Data Science: Cental Limit Theorem

TLDR:

The Central Limit Theorem captures the following phenomenon:

Take any distribution! (say a distribution of number of passes in a football match)
Start taking n samples from that distribution (say n = 5) multiple times [say m = 1000] times.
Take mean of each sample set (so we would have m = 1000 means)
The distribution of means would be (more or less) normally distributed . (You will get that famous bell curve if you plot the means on x-axis and their frequency on y-axis.)
increase n to get a smaller standard deviation and increase m and to get a better approximation to normal distribution.

But why should I care?

Are you unable to load the whole data for processing? No problem, take out multiple samples from the data and use the central limit theorem to estimate the data parameters like mean, standard deviation, sum etc.
It can save you resources in terms of time and money. Because now we can work on samples significantly smaller than the population and draw inferences for entire population!
Does a certain sample belong to a certain population (or a data set)? Let's check that using the sample mean, population mean, sample standard deviation and population standard deviation.

Definition

Given a dataset with unknown distribution (it could be uniform, binomial or completely random), the sample means will approximate the normal distribution.

Explanation

If we take any dataset or a population and we start taking samples from the population. Let's say we take 10 samples and take the mean of those samples. And we keep on doing this, a few number of times, say 1000 times. After doing this we get 1000 means and when we plot it, we get a distribution called a sampling distribution of sample means.

This sampling distribution (more or less) follows a normal distribution! This is the Central Limit theorem. A normal distribution has a number of properties which are useful for analysis.

Fig.1 Sampling distribution of sample means (following a normal distribution)

Properties of a normal distribution:

The mean, mode and median are all equal.
68% of the data falls within one standard deviation of the mean.
95% of the data falls within two standard deviations of the mean.
The curve curve is symmetric at the center (i.e. around the mean, μ).

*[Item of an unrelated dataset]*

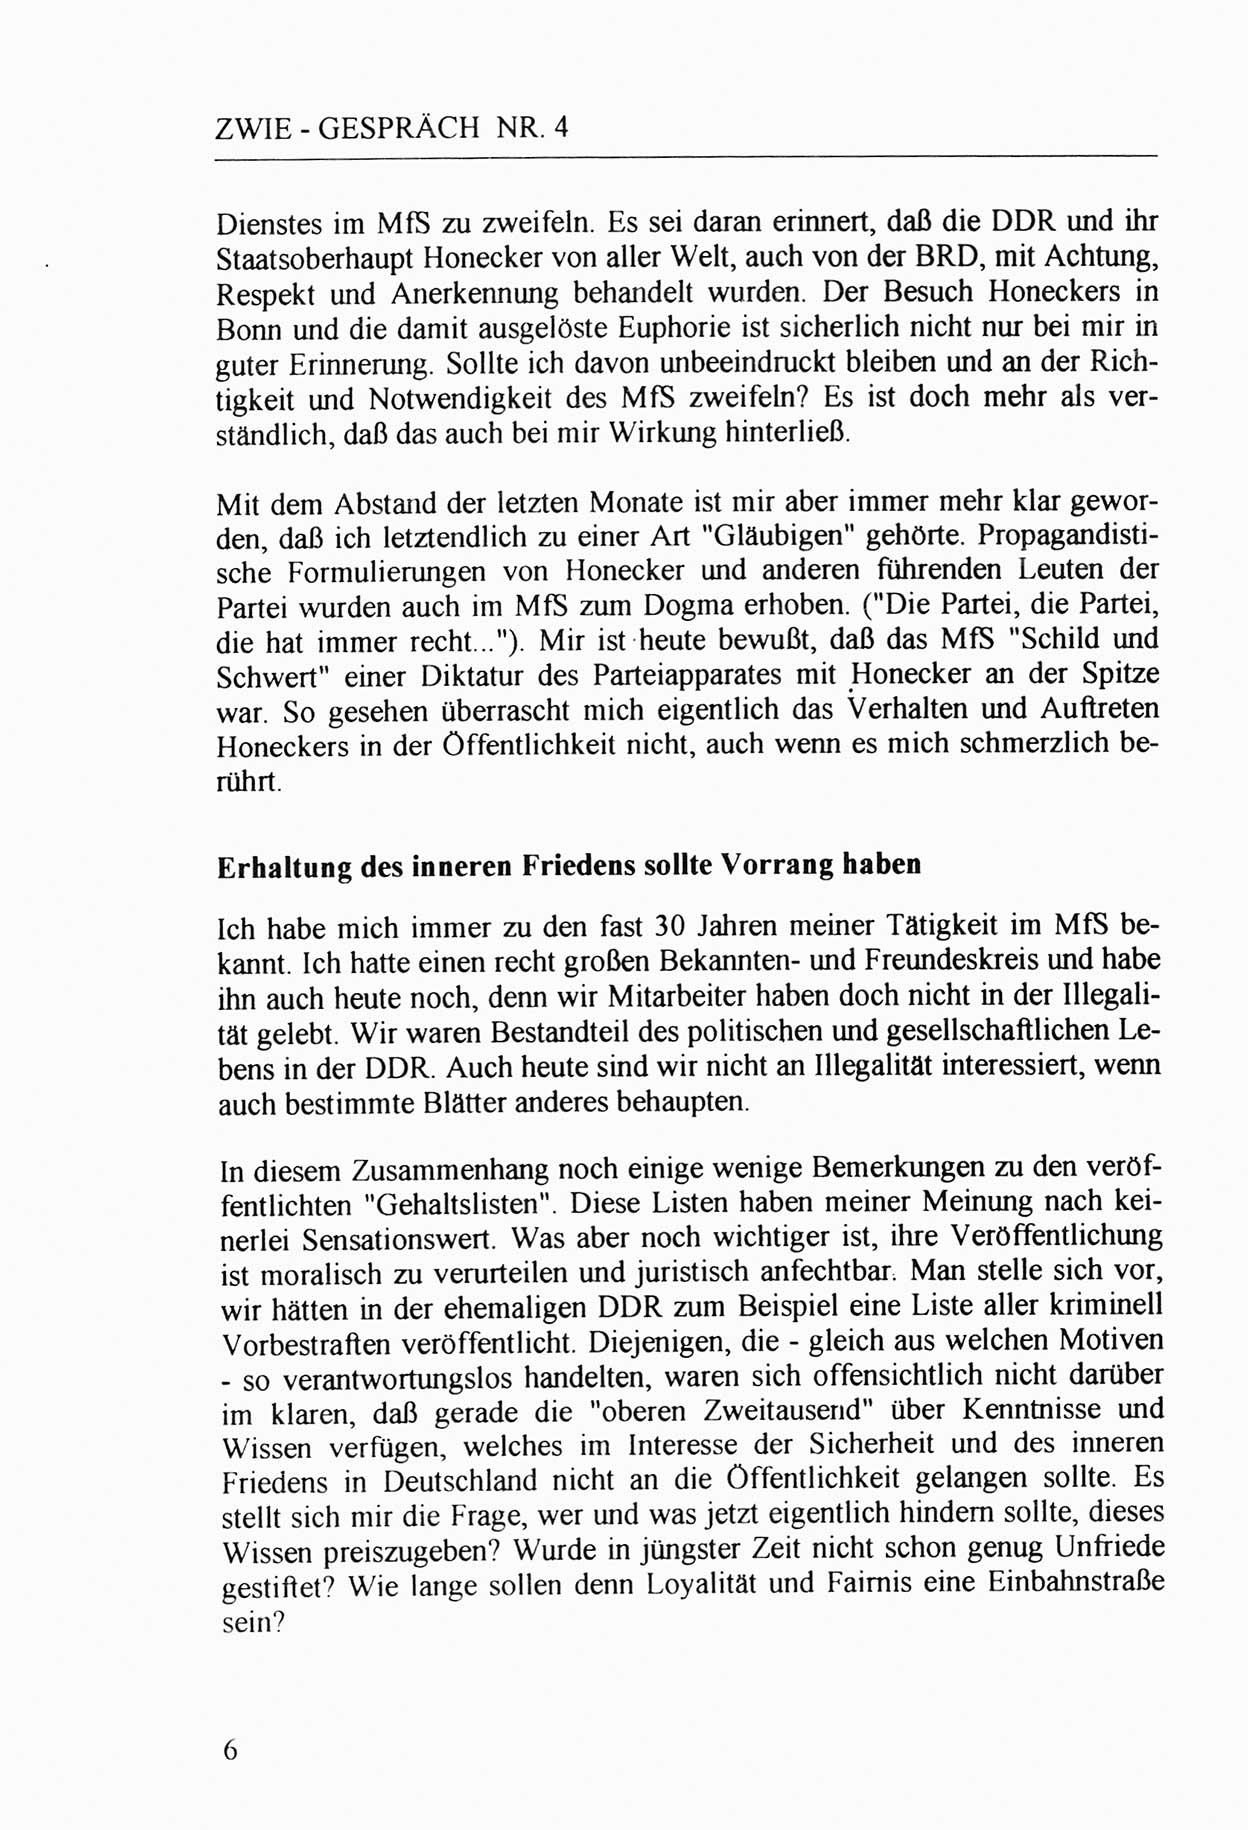 Zwie-Gespräch, Beiträge zur Aufarbeitung der Stasi-Vergangenheit [Deutsche Demokratische Republik (DDR)], Ausgabe Nr. 4, Berlin 1991, Seite 6 (Zwie-Gespr. Ausg. 4 1991, S. 6)

Moreover, the mean of the sampling distribution of sample means is equal to the population mean. If μ is the population mean and μ_X̅ is the mean of the sample means then:

Fig.2 population mean = sample mean

And the standard deviation of the population(σ) has the following relation to the standard deviation sampling distribution (σ_X̅):

If σ is the standard deviation of population and σ_X̅ is the standard deviation of sample means, and n is the sample size, then we have

Fig.3 Relation between population standard deviation and sampling distribution standard deviation

Intuition

Since we are taking multiple samples from the population, the means would be equal (or close) to the actual population mean more often than not. Hence, we can expect a peak (mode) in the sampling distribution of sample means equal to the actual population mean.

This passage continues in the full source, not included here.